The process according to the invention consists in acidifying aqueous solutions of 7- (2-thienylacetamido) -cephalosporanoic acid obtained by acidifying the reaction mass containing the cephalotin sodium or triethylammonium salt, optionally with free cephalotin, a strong mineral acid to pH = 1 to 2 and extraction with acidic acid. (2e) an aqueous solution of sodium acetate in an amount of 1 to 1.4 equivalents and sodium chloride in an amount of 4.5 to 7.45 equivalents is added to the organic extract to an organic extract; to the equivalent of 7- (2-thienylacetamido) -cephalosporanoic acid at a total aqueous salt solution concentration of 17-26% by weight, at temperatures of 15-25 ° C and after 30 minutes to 3 hours, crystallized pure cephalotin sodium is isolated by a known method.

An advantage of the process according to the invention is the versatility of the method, which also permits the treatment of impure triethylammonium salts of cephalotin into high purity cephalotin sodium.

The process according to the invention is illustrated by exemplary embodiments.

Example # 1

To 120 ml of a reaction mixture containing 13-15 g of cephalotin sodium / resp. 15.5 to 17.8 g of cephalotin triethylamine salt, 7 g of triethylamine, 1.7 g of sodium chloride, 4.9 g of pivalic acid, 0.5 g of thiopheneacetic acid, about 2.5 g of unidentified decomposition products and impurities from starting material and 80 ml of water were added 200 ml of ethyl acetate. While stirring, the aqueous solution is acidified with dilute hydrochloric acid to pH 1.5 to 1. After acidification, the mixture is stirred for 30 minutes and left to rest for 40 to 60 minutes. The lower aqueous layer is extracted once more with 30 to 100 ml of ethyl acetate and, after separation of the extract, the organic layers are combined, washed 3 times with 100 ml of water until neutral. The ethyl acetate solution is stirred with 1.8 g of carboraffin and filtered. ·

A solution of 60 ml of water, 6 g of crystalline sodium acetate and 18 g of sodium chloride is added to the filtrate and the mixture is stirred. After 30 minutes, the cephalotin sodium crystallizes out of the mixture.
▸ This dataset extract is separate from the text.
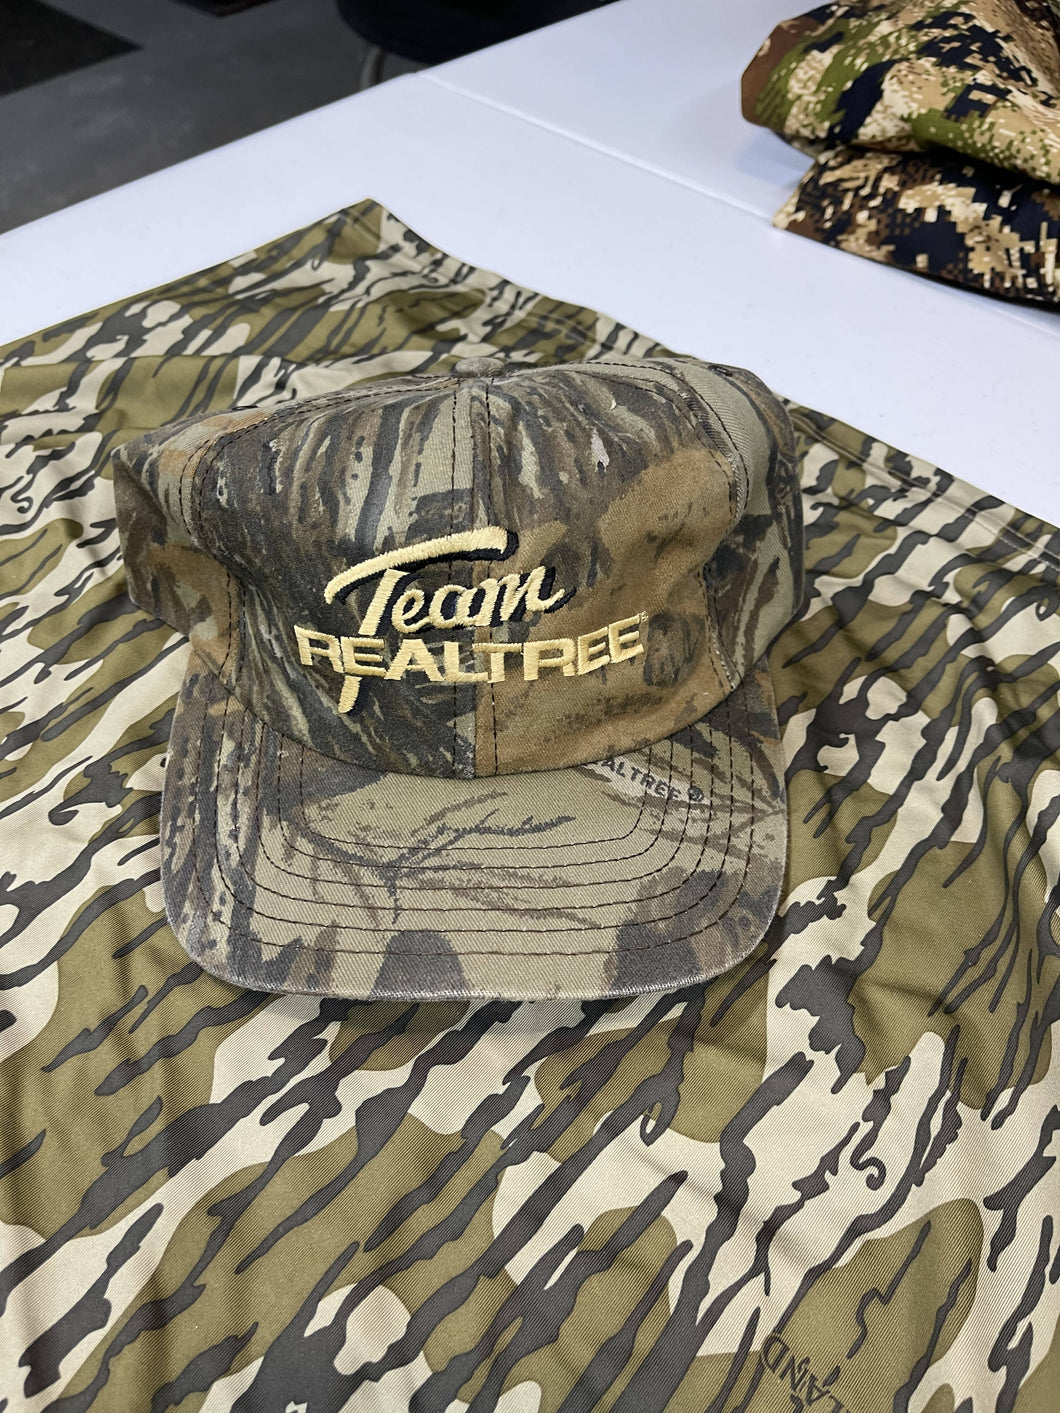 TEAM Realtree Hat

After 2 hours, the crystalline product is collected on a centrifuge and washed with 50 to 100 ml of acetone. After drying, 12.5 to 14.5 g of cephalotin sodium are obtained with a content of 95 to 98% as determined by liquid chromatography and an absorbance at below 0.2. The sodium chloride content ranges from 0.05 to 0.17%. The purification yield is 96% of theory.

CS 271251 Bl

Example 2 /

The procedure is as in example no. 1, but a solution of 60 ml of water, 13 g of sodium chloride and 6 g of crystalline sodium acetate is added to the acetate filtrate, and the procedure of Example 1 is repeated. 1. 11.5-12 g of cephalotin sodium are obtained. Absorbance Α ^ θθ * 0.1 to 0.15 and 97 to 99% content.

Claims (2)

INVENTION Process for purification or isolation of cephalotin sodium from an aqueous solution of 7- (2-thienylacetamido) -cephalosporanoic acid obtained from a reaction mass containing 7- (2-thienylacetamido) -cephalosporanoic acid sodium salt or even 7- (2-thienylacetamido) triethylammonium salt -cephalosporanic acid, optionally mixtures thereof with 7- (2-thienylacetamido) -cephalosporanic acid, acidifying with a strong mineral acid to pH = 1 to 2, extraction with an alkyl acetate having a carbon number of 2 to 4 in alkyl and optionally purifying the acetate solution with activated charcoal; an aqueous solution of sodium acetate in an amount of 1 to 1.4 eq. and sodium chloride in an amount of 4.5 to 7.45 eq. per equivalent of 7- (2-thienylacetamido) -cephalosporanoic acid at a total salt concentration in an aqueous solution of 17 to 26 weight percent at a temperature of 15 to 25 ° C and after 30 min to 3 h the crystallized cephalotin sodium salt is isolated.